When the problem was originally suspected by scientists in the 1970s, the manufacturers of chemicals like chlorofluorocarbons (cfcs)--used in aerosol sprays, refrigerators and air conditioners--vigorously disputed the notion that their products could poke holes in the ozone. Eventually researchers pieced together proof of the connection, and in 1987 the Montreal Protocols, ultimately signed by 150 countries, began the phaseout of ozone-destroying chemicals and hastened the development of alternatives.
Now, a decade after the historic agreement, the threat has eased--but not passed. The chemicals in the cfc family are being eliminated on schedules that differ from country to country by economic status: faster in the industrialized nations, slower in the developing world. And since cfcs are long-lived compounds, gases released in the past are still attacking the ozone.
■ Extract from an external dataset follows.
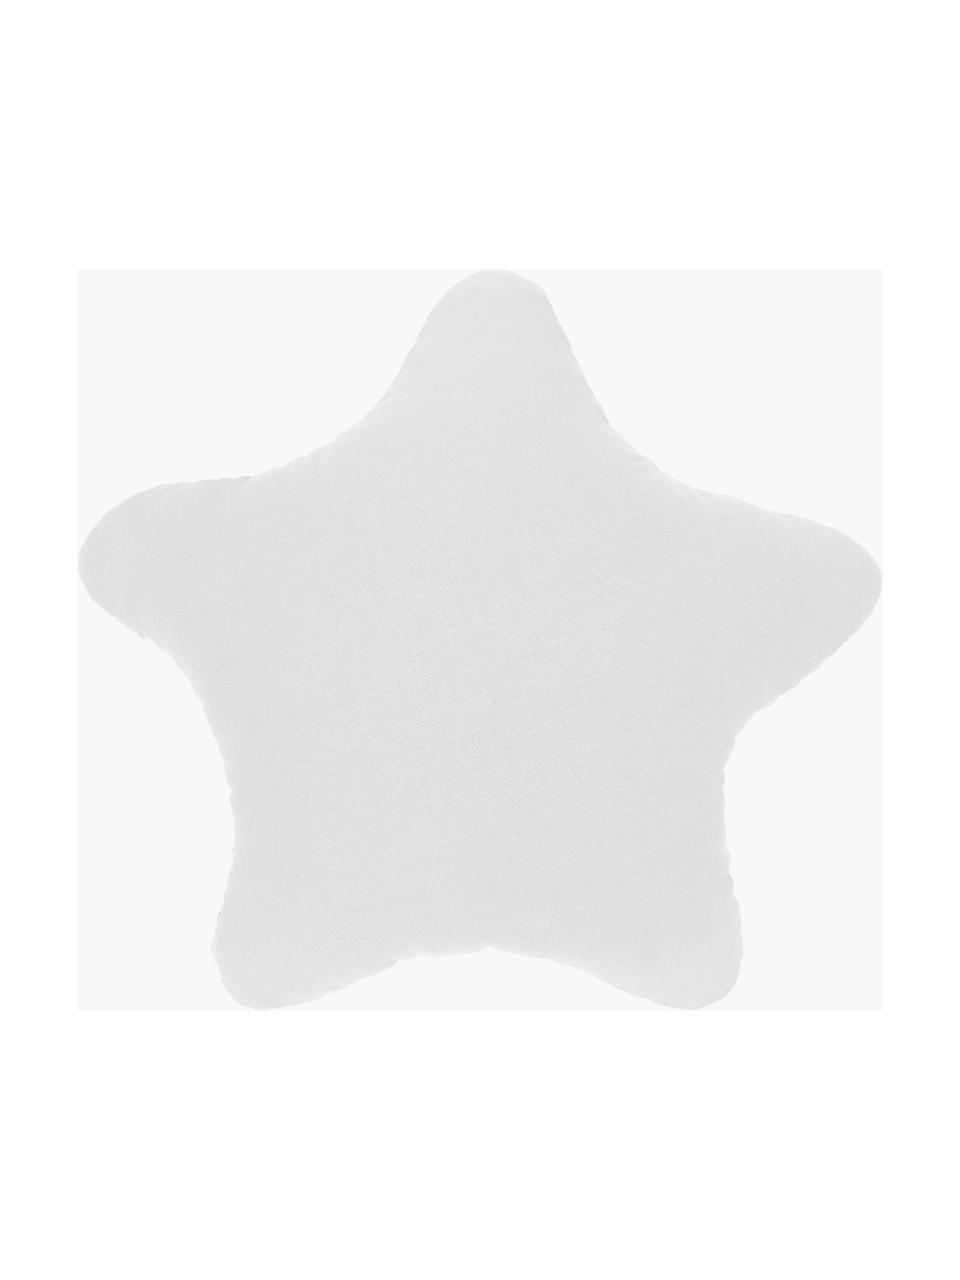 Poduszka z dzianiny Sparkle, Biały, S 45 x D 45 cm

This spring, satellites over the Arctic measured the lowest levels of ozone ever recorded. Meanwhile some cfcs are still sold illegally in nations like the U.S. where production was supposed to be phased out completely by now. Concludes M.I.T.'s Mario Molina, who shared a 1995 Nobel Prize for his early warning about the vulnerability of the ozone layer: "Essentially the Montreal Protocols have worked very well, but I regard this as a job to be continued."